## Data provided
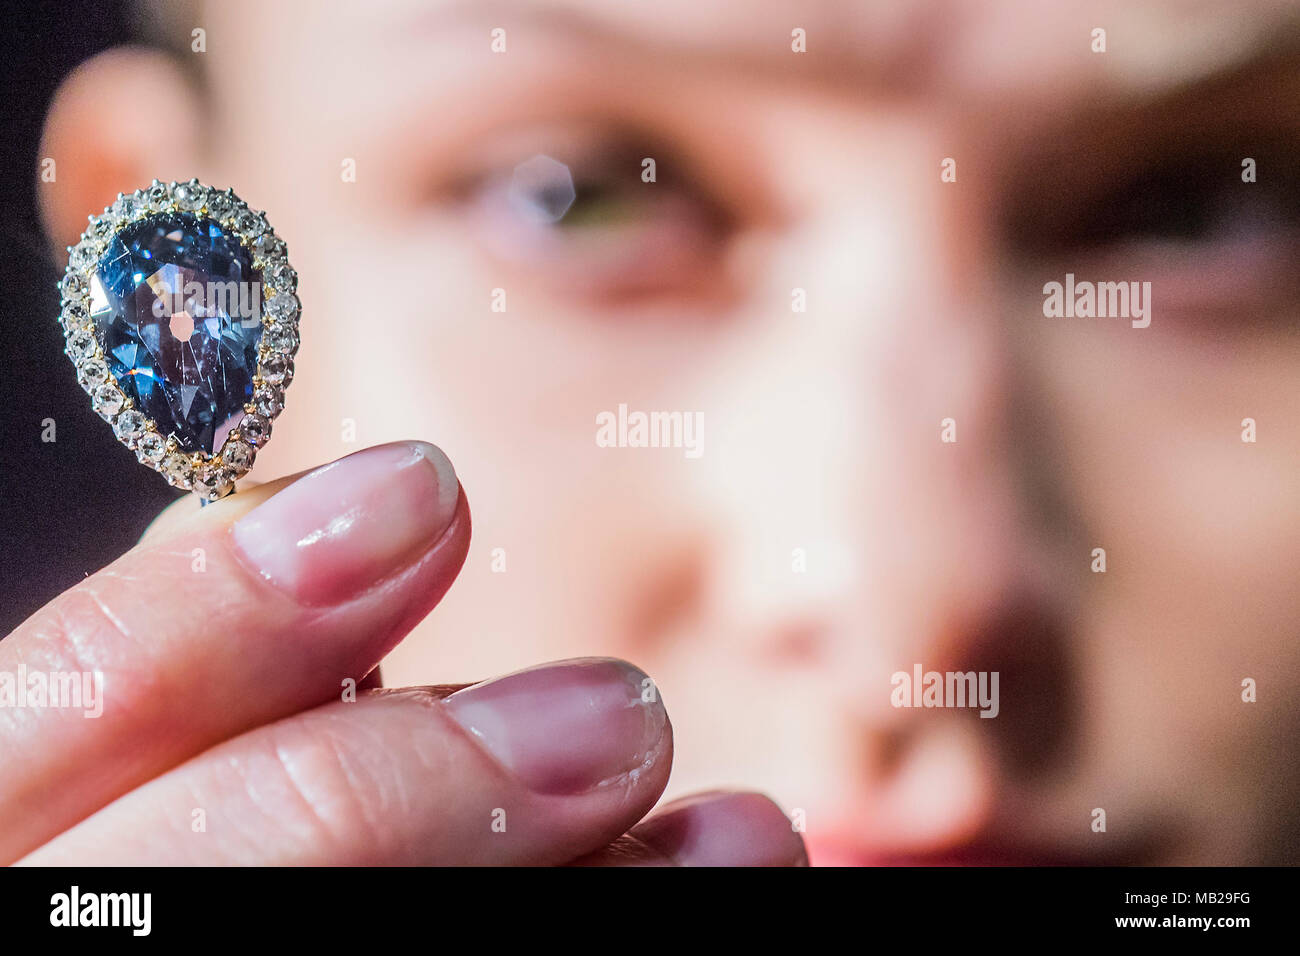 5 Carat Diamond Stockfotos und -bilder Kaufen - Alamy
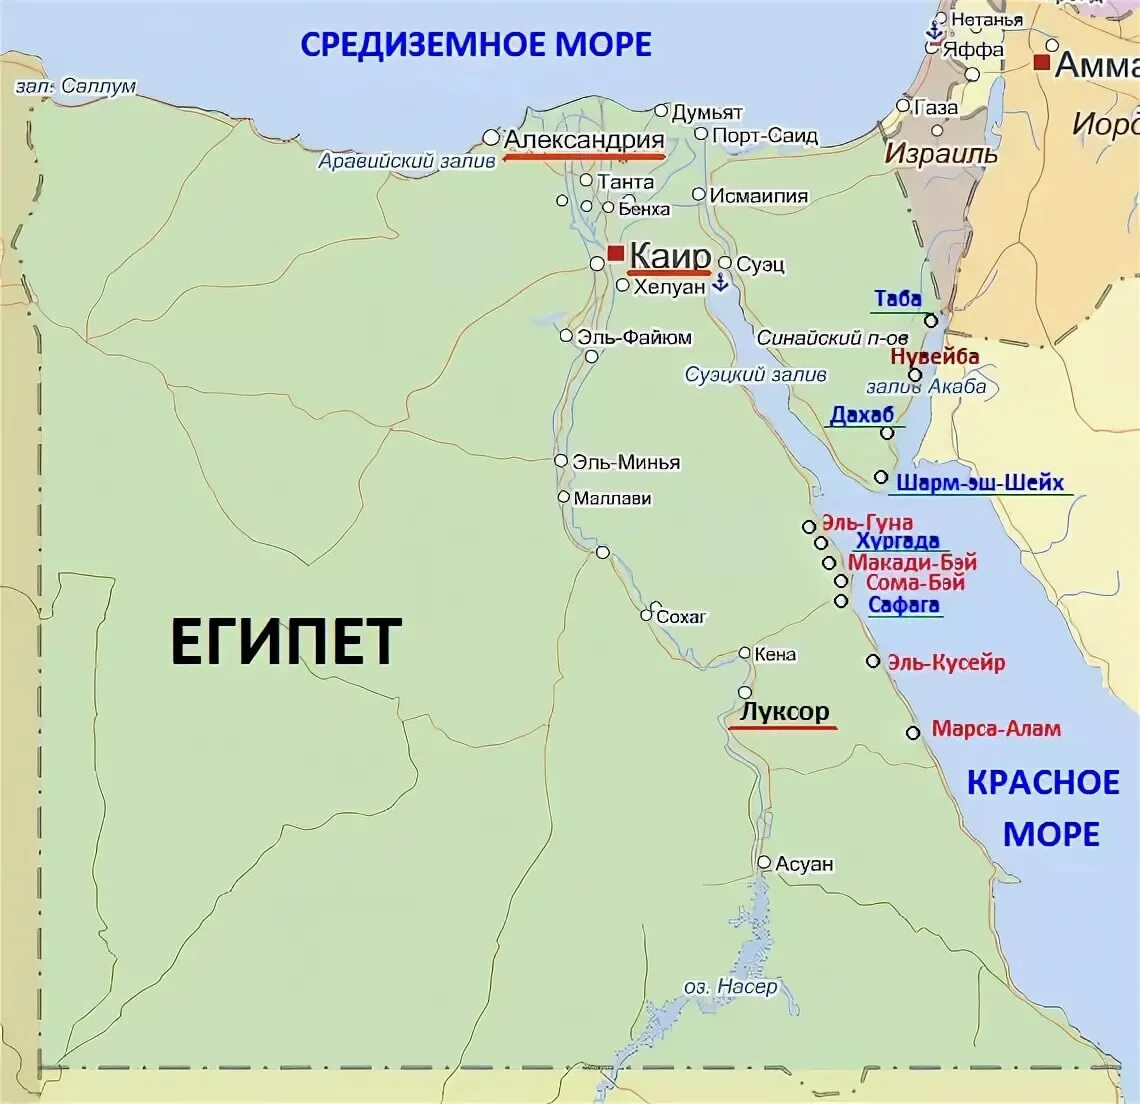 Границы Египта на карте. Курорты Египта на карте. Карта Египта с курортами на русском языке. Карта Египта на русском языке с городами и курортами.
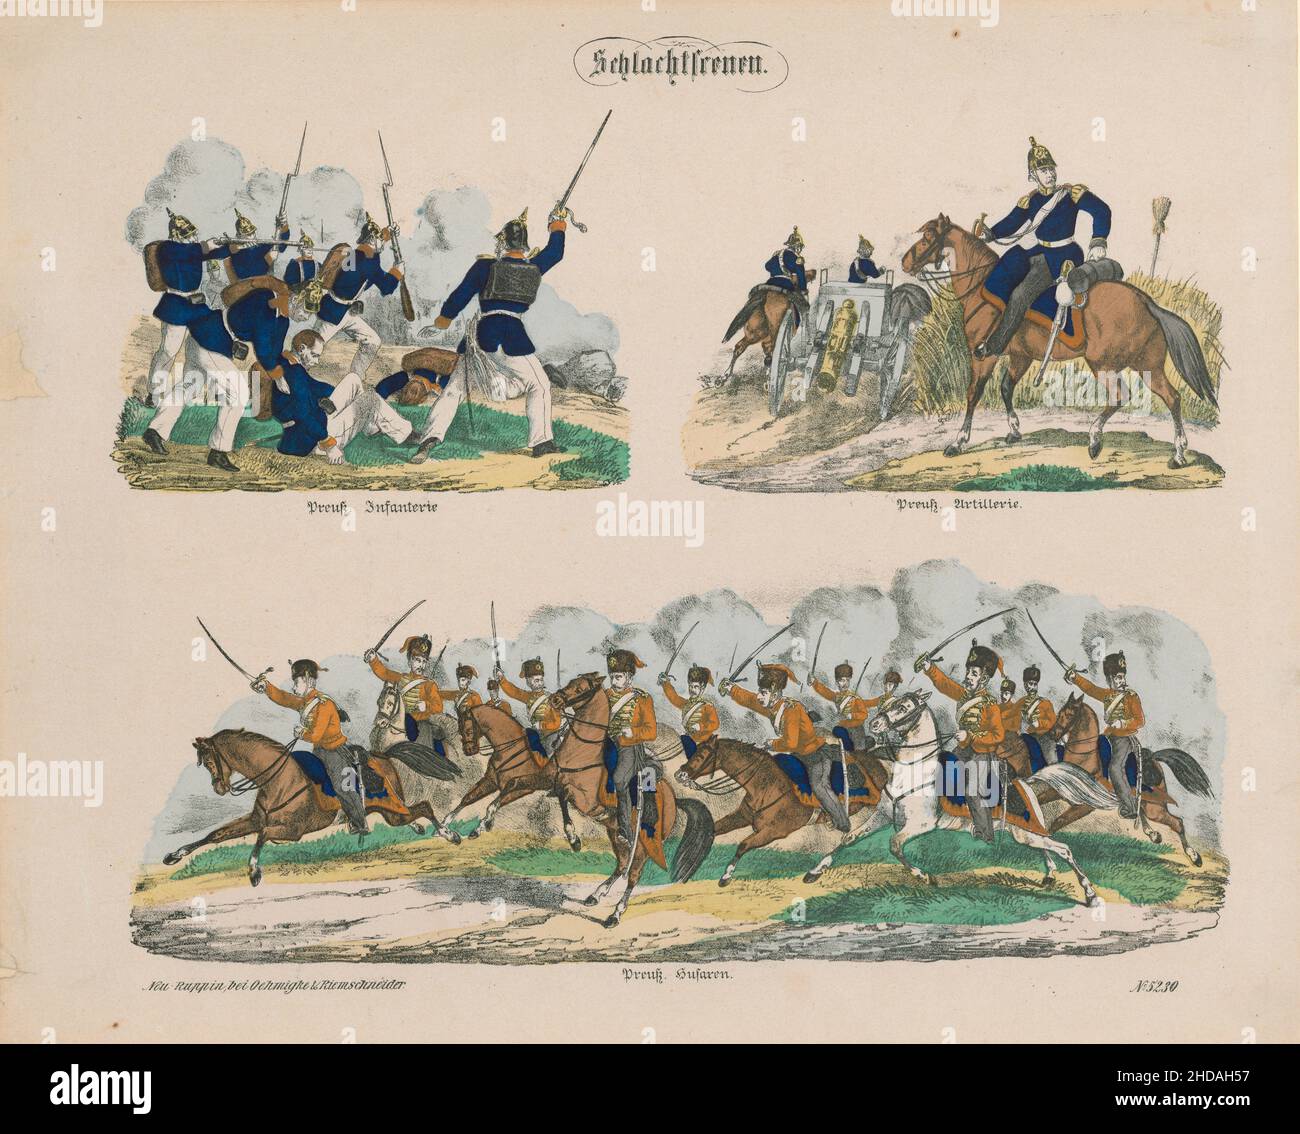 Lithographie d'époque : armée prussienne dans les scènes de bataille.1866 Infanterie prussienne, artillerie prussienne, hussards prussiens Banque D'Images
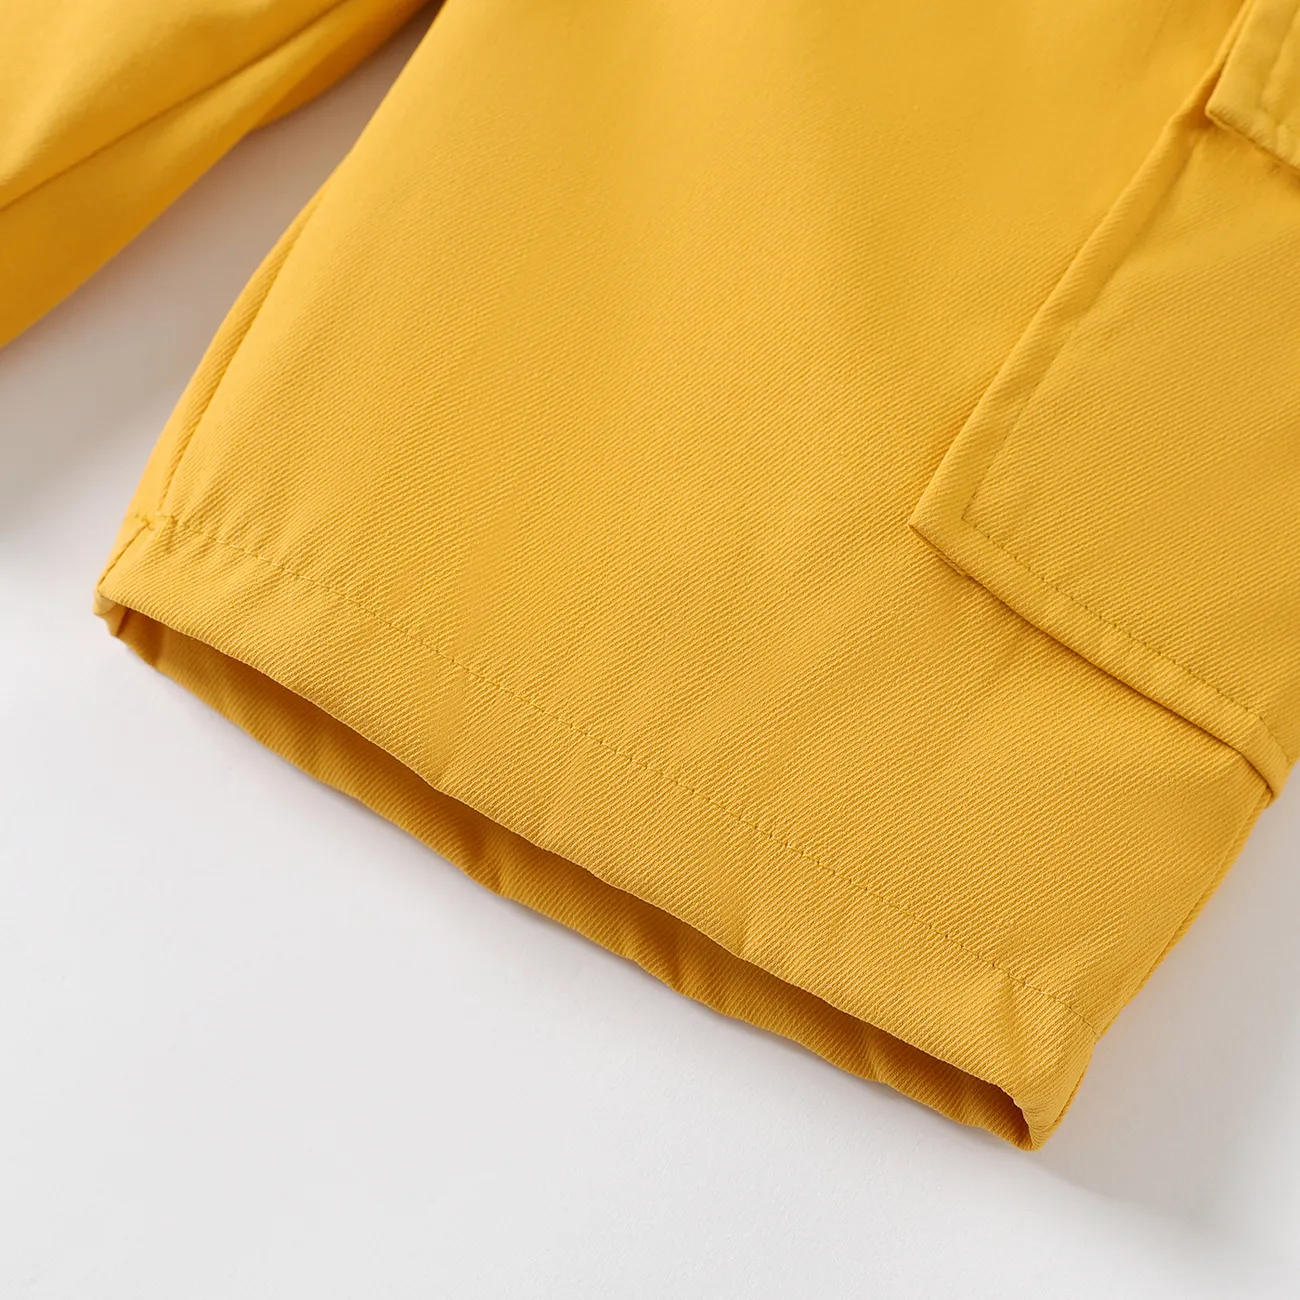 shorts elásticos de design de bolso de cor sólida menino garoto Amarelo big image 1

## Task objective
No pictures belong in the copy. Return exactly the lines from the line containing "Lithographie d'époque : armée" through the last line of the listing.

## Answer for this exercise
 Lithographie d'époque : armée prussienne dans les scènes de bataille.1866 Infanterie prussienne, artillerie prussienne, hussards prussiens Banque D'Images
 shorts elásticos de design de bolso de cor sólida menino garoto Amarelo big image 1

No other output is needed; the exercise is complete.